Come si sarebbero dovuti comportare i policymaker? Probabilmemte, in uno spazio monetario eterogeneo al suo interno, la BCE avrà da fungere da «pompiere» più spesso di quanto i Trattati glielo abbiano riservato. Senza riforme strutturali del tipo economico-politico nei singoli Paesi membri, ciò comporta rischi di «azzardo morale», cioè che altre Nazioni reclamino trattamenti simili. Se la «cura» prevedesse la mera immissione di liquidità come già avvenuto, rialzi dei prezzi e/o bolle finanziarie (a livelli di crescita stagnanti) sarebbero più che probabili. La risposta non può essere più esauriente poiché, difficilmente, l’Euro verrà nel medio periodo abbandonato. Dunque, la vera soluzione risiede nel ridurre sprechi, inefficienze e carenze così da disporre di quei margini economici per investimenti in capitale fisso.
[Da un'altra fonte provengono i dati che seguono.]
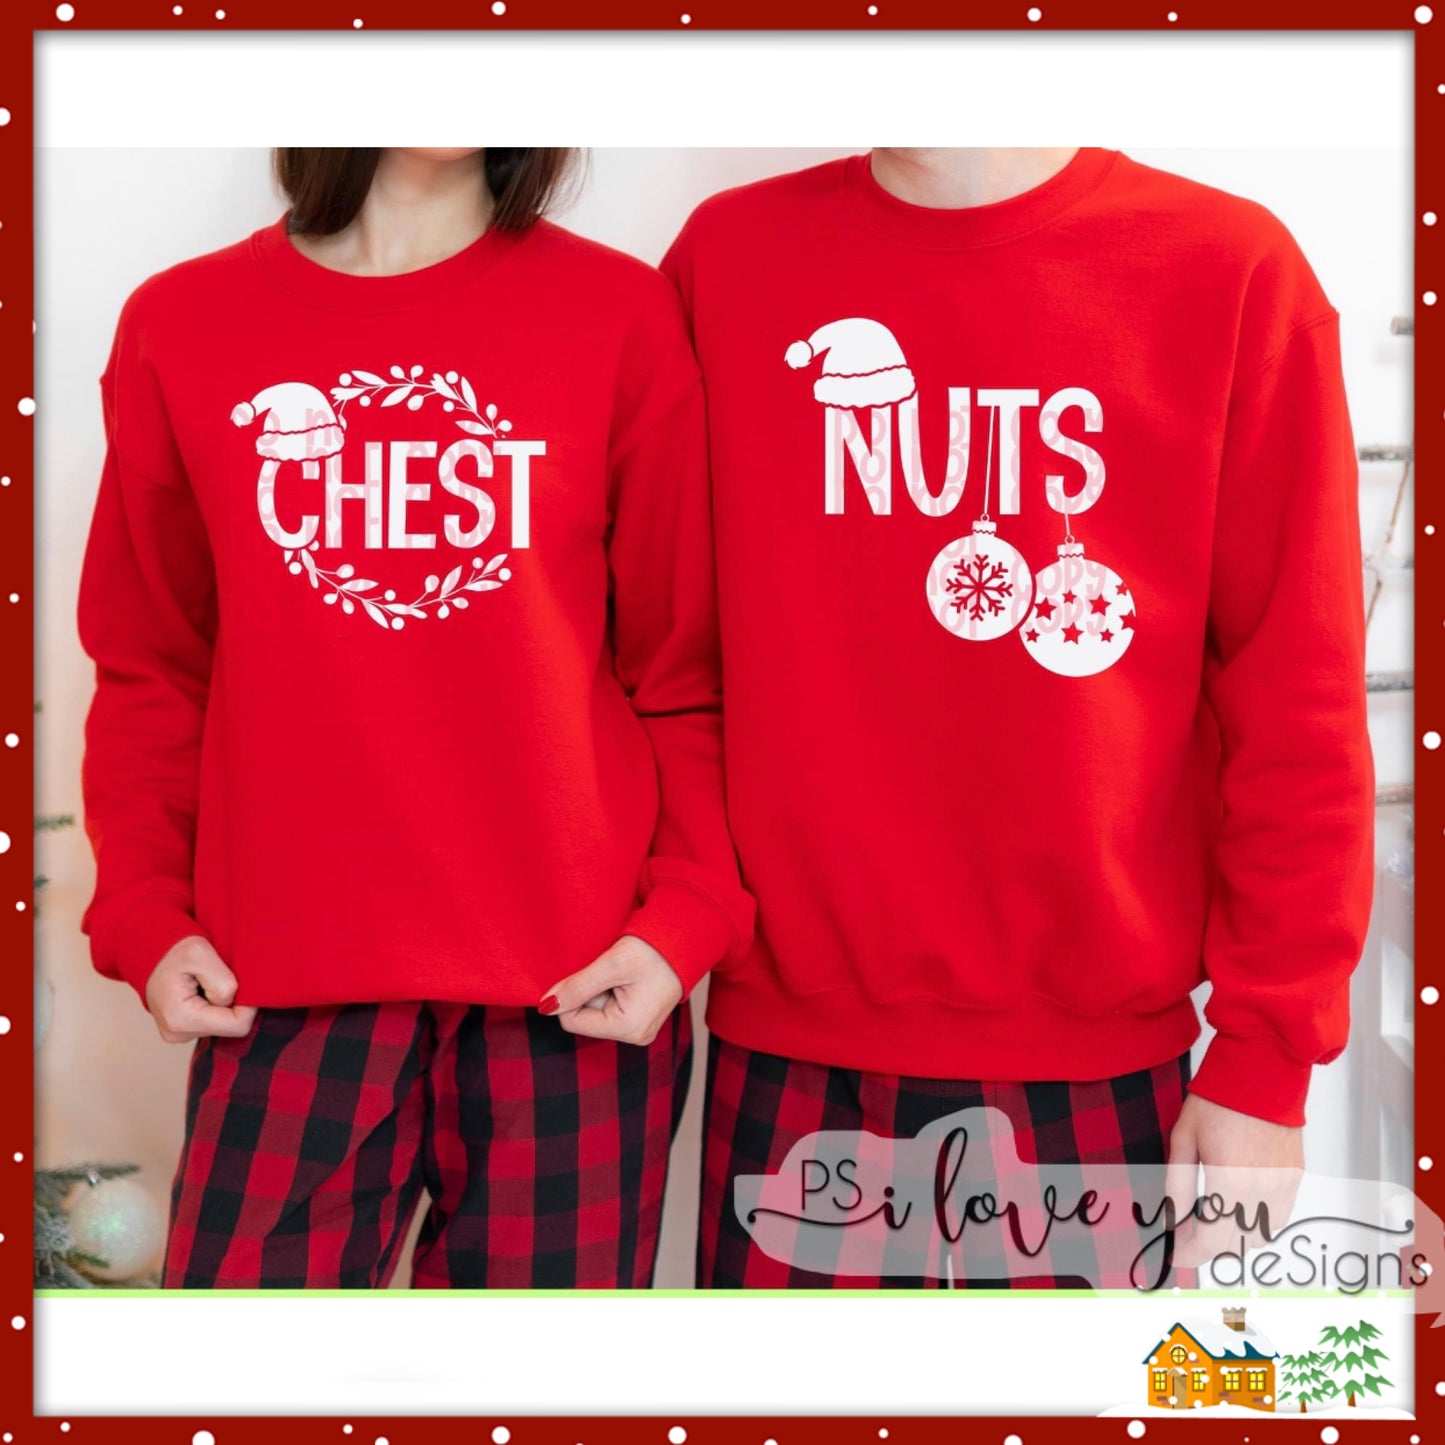 Chest and Nuts Christmas Hoodies
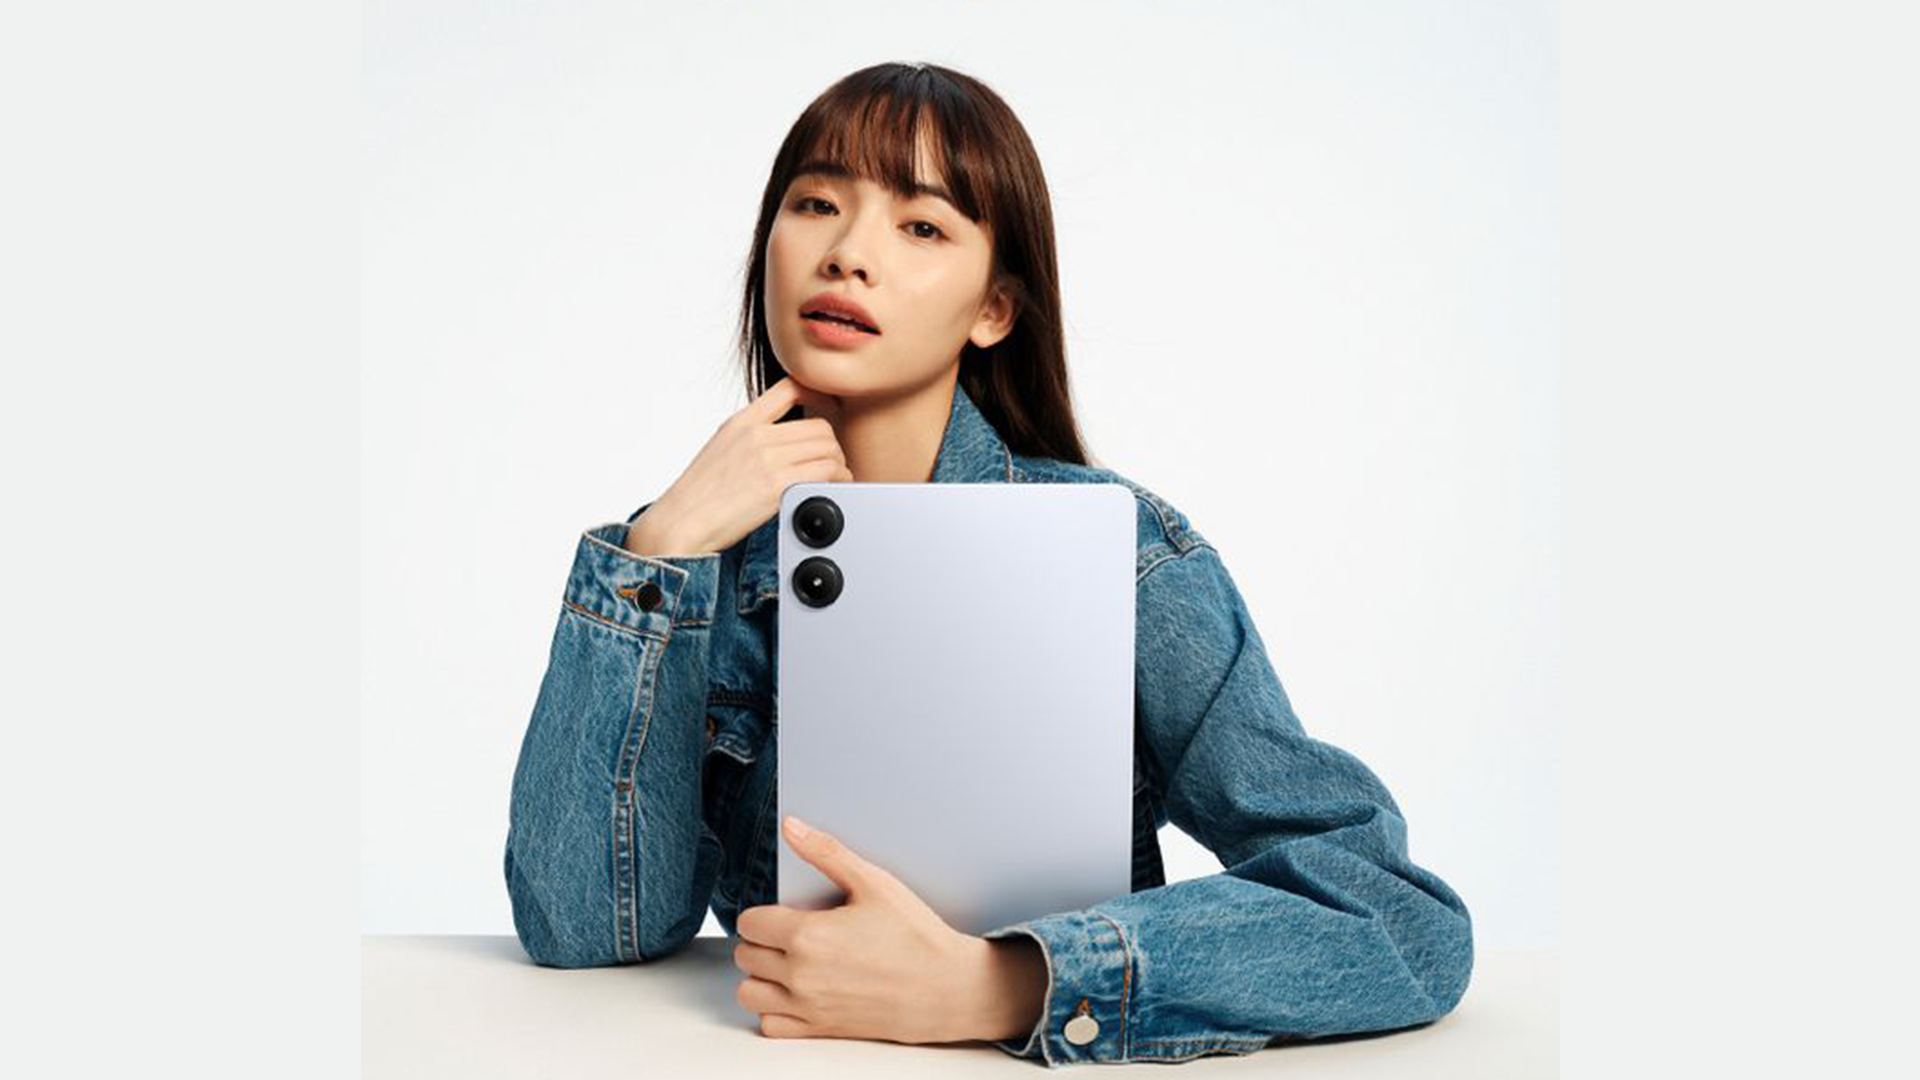 Redmi Pad Pro: Xiaomi's new tablet has visuals and details revealed - CanalJMS - Technology, launches, reviews and tips!

Insomma, si devono sfruttare i «privilegi» della moneta unica, fra cui la possibilità (non indifferente rispetto al passato) di pagare acquisti (importazioni) internazionali in un’unità di conto globalmente accettata. La permanenza nell’Area Euro potrà essere per la Grecia una grande opportunità, ma si dovrà saperla sfruttare sia da parte ellenica riducendo le problematiche tipiche di molti Paesi mediterranei sia da quella europea, che dovrebbe favorirne la ripresa per non nutrire il malcontento verso una gestione comunitaria tecnocratica o scarsamente vicina ai popoli.